The windshield is NOT damaged in any way and I think the vintage decals add to the originality.


----------



## vickers83 (Mar 8, 2010)

Its not the holy grail of Tyco-pros, But its a nice piece. For my own collection i`d get rid of all the decals, Clean it and add aftermarket factory look decals. By the time I die, they`ll have yellowed & everything will look original. BTW, The car is worth 20-45 as-is depends on the buyer....jm2cw!


----------



## stirlingmoss (Aug 24, 2012)

vickers83 said:


> Its not the holy grail of Tyco-pros, But its a nice piece. For my own collection i`d get rid of all the decals, Clean it and add aftermarket factory look decals. By the time I die, they`ll have yellowed & everything will look original. BTW, The car is worth 20-45 as-is depends on the buyer....jm2cw!


$20-45 for a short nose/rare color combo with black brass chassis?
I don't think so.. ill keep it.


----------



## vickers83 (Mar 8, 2010)

stirlingmoss said:


> $20-45 for a short nose/rare color combo with black brass chassis?
> I don't think so.. ill keep it.


I wasn`t trying to purchase your car. Just giving you an honest opinion. I own two in that color combo & I have all the other short nose versions. The black drop arm chassis is the worst of the tyco-pro series. If you think its worth boat loads of money, put it on ebay!


----------



## stirlingmoss (Aug 24, 2012)

vickers83 said:


> I wasn`t trying to purchase your car. Just giving you an honest opinion. I own two in that color combo & I have all the other short nose versions. The black drop arm chassis is the worst of the tyco-pro series. If you think its worth boat loads of money, put it on ebay!
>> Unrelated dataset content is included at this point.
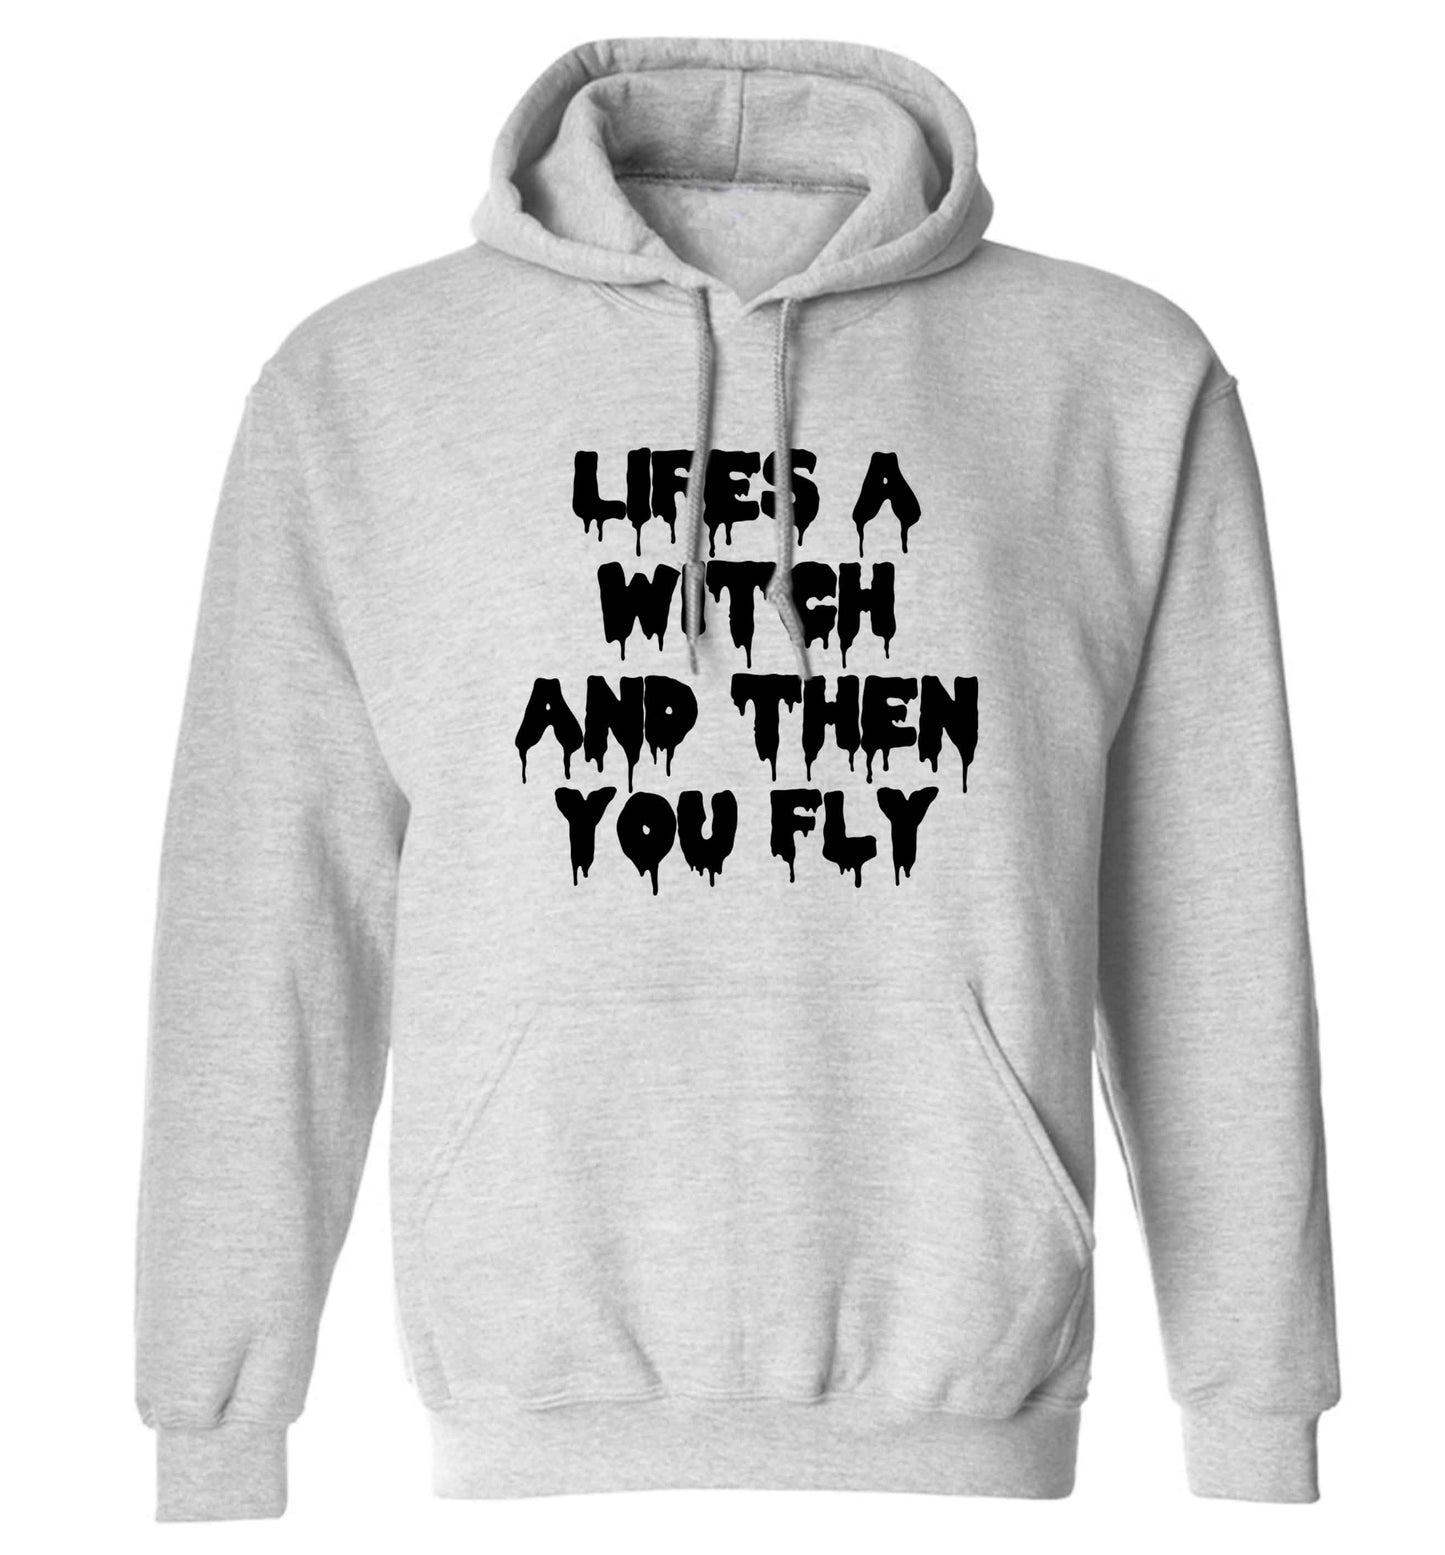 Life's a witch and then you fly adults unisex grey hoodie 2XL

I understand what you are saying and appreciate your opinion but would you sell yours for 20-45.00?...(by the way I would like to see yours)
like me probably not.


----------



## GT40 (Jan 18, 2014)

*:thumbsup:COOL CARS:thumbsup:*
There a handful for sure but a lot of fun to drive.:wave:

gt40


----------



## rdm95 (May 8, 2008)

How much do you want?


----------



## stirlingmoss (Aug 24, 2012)

rdm95 said:


> How much do you want?


Don't know? Make me an offer..


----------



## rdm95 (May 8, 2008)

Ok.. thanks anyways then


----------



## slotcardan (Jun 9, 2012)

.......


----------



## hifisapi (Nov 21, 2012)

stirlingmoss said:


> The windshield is NOT damaged in any way and I think the vintage decals add to the originality.


OK, so I stand corrected on the windshield, but old beat up non original decals do NOT add to the originality or the value.
jco


----------



## Dushkwoneshe (Apr 27, 2012)

hifisapi said:


> OK, so I stand corrected on the windshield, but old beat up non original decals do NOT add to the originality or the value.
> jco


.
I think he was using the term as to the *origins* of the car... That these decals were added long ago... Possibly, even when the car was brand new the day it was purchased*/*acquired ...
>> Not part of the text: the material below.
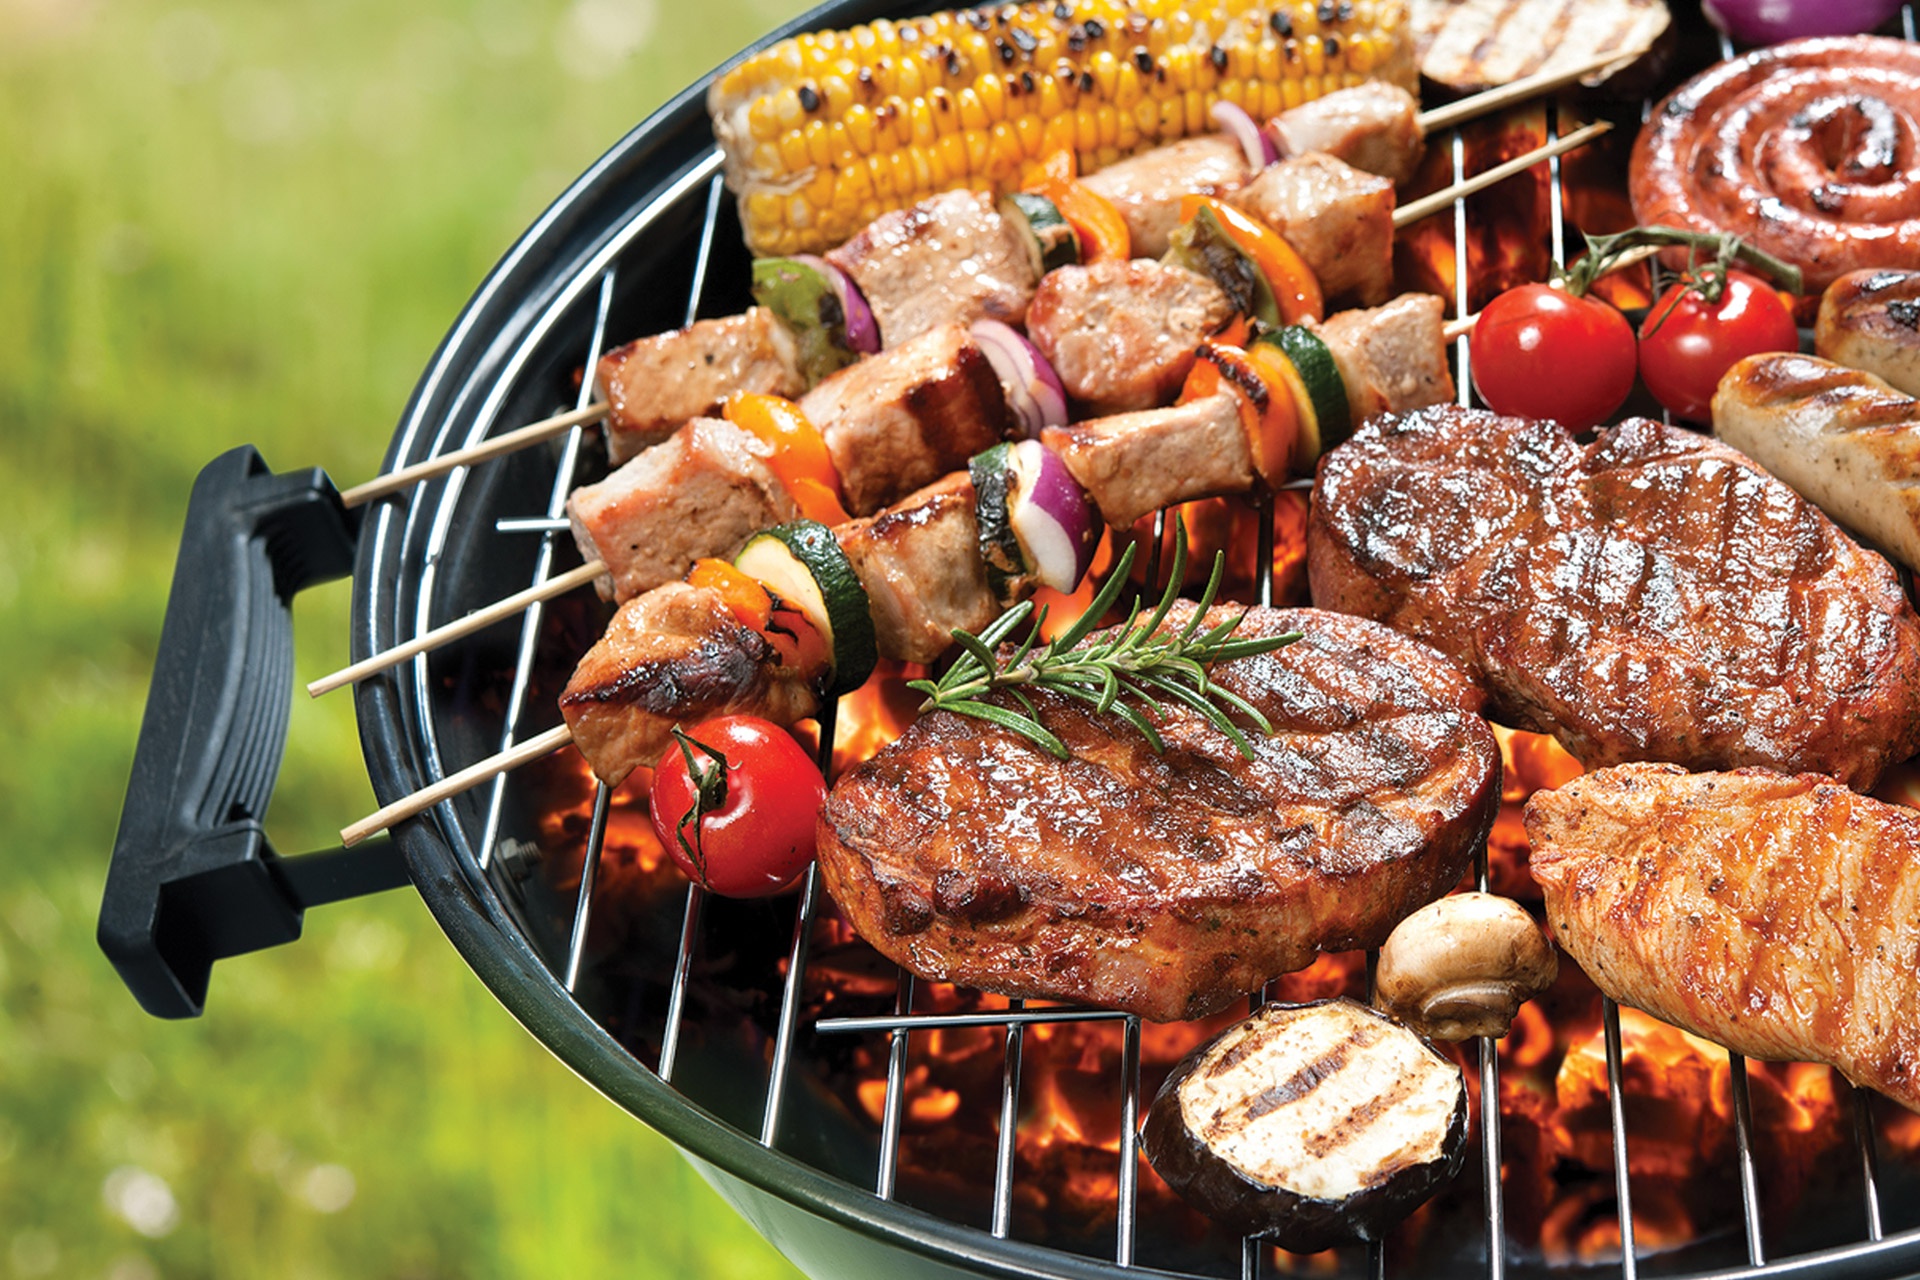 General 1920x1280 meat vegetables barbecue grill corn cooking steak tomatoes mushroom sausage rosemary red onion bell peppers food zucchini (vegetable) beef

I have cars from 50+ years ago, that I put decals on and they are worth more to me than a Cond 10 car... It would take a lot of money to pry those cars away, while I'm still alive... 
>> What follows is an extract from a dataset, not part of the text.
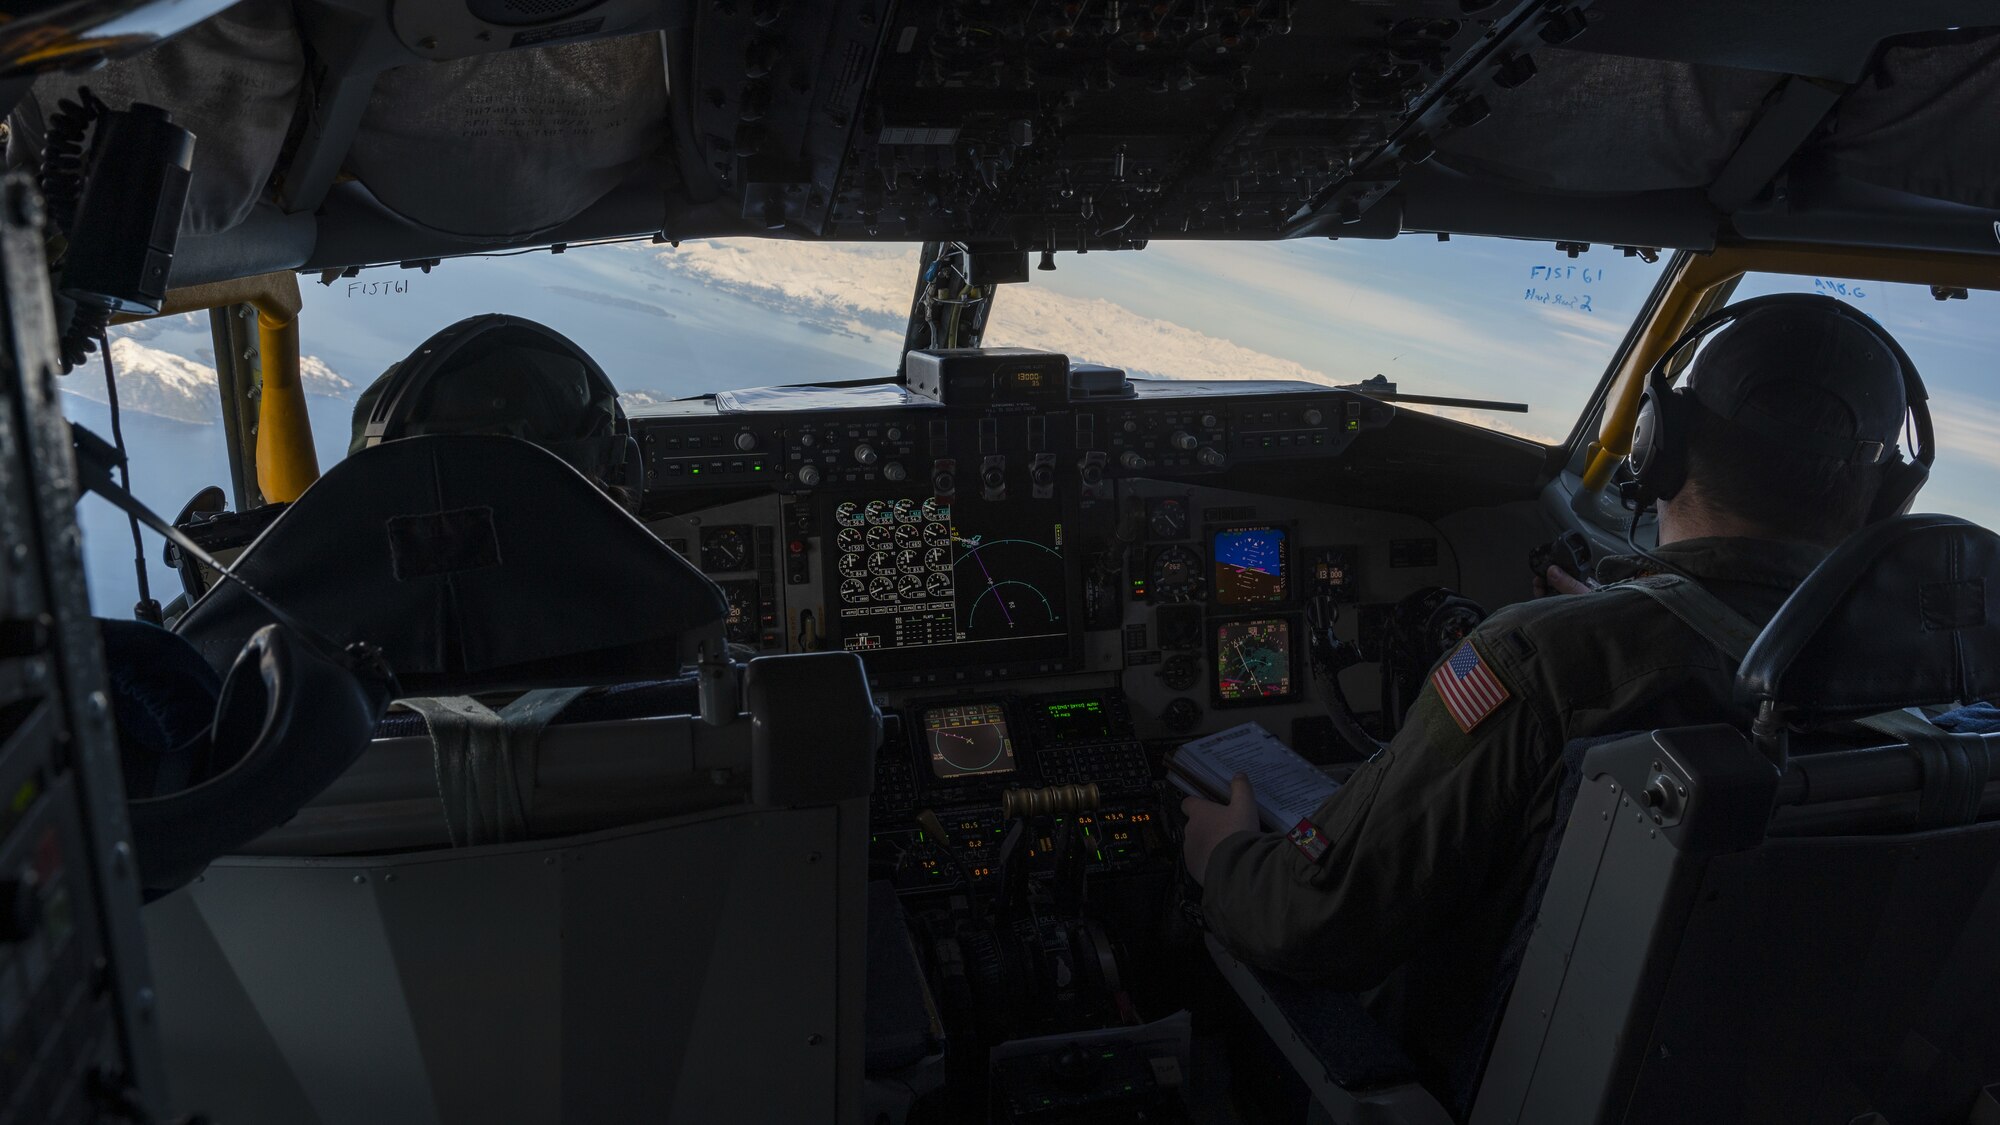 U.S. Air Force Capt. Christina Kelvin and 1st Lt. Jake McMullen, 384th Air Refueling Squadron pilots, prepare to land at Eielson Air Force Base, Alaska, March 7, 2023. Aircrew from the 384th Air Refueling Squadron conducted an air refueling coronet with Marines from the Marine Fighter Attack Squadron 312, demonstrating the critical role mobility forces have in projecting the joint force anywhere, anytime. (U.S. Air Force photo by Staff Sgt. Lawrence Sena)

Value has a definition that is extremely difficult to reach out and snatch with our hands, but I see what you're saying...

I have seen these colors on the Porsche before, but in a completely different paint scheme... Have never seen this style prior to this posting...

Just my thoughts, which have no value at all... He will tell us what he means...

John
.


----------



## stirlingmoss (Aug 24, 2012)

Dushkwoneshe said:


> .
> I think he was using the term as to the *origins* of the car... That these decals were added long ago... Possibly, even when the car was brand new the day it was purchased*/*acquired ...
> 
> I have cars from 50+ years ago, that I put decals on and they are worth more to me than a Cond 10 car... It would take a lot of money to pry those cars away, while I'm still alive...
> ...


You nailed it!! Thank you!


----------



## slotcardan (Jun 9, 2012)

..........


----------



## smokinHOs (May 30, 2006)

*Tyco Pro and other vintage cars...*

Hmmm.. Value? Line said before.. Who cares?

Here's what I find cool. Sure a mint collection of cars in boxes and stuff is nice, but it's cars like the ones the OP share that Ardmore interesting to me nowadays. While guys are chasing mint examples, I like to add cars like this that add originality and start conversations.. Cars like that should be in every collection. You want to see a bunch of mint cars, buy a book.. You want to see true ho history hold that short nose Porsche in your hands. Don't get me wrong I have a ton of mint cars but I also have a bunch of hacked, decaled, and raced cars that still get track time. Cool Porsche. I have a bunch of tyco pros and haven't seen that combo.. 

Marc


----------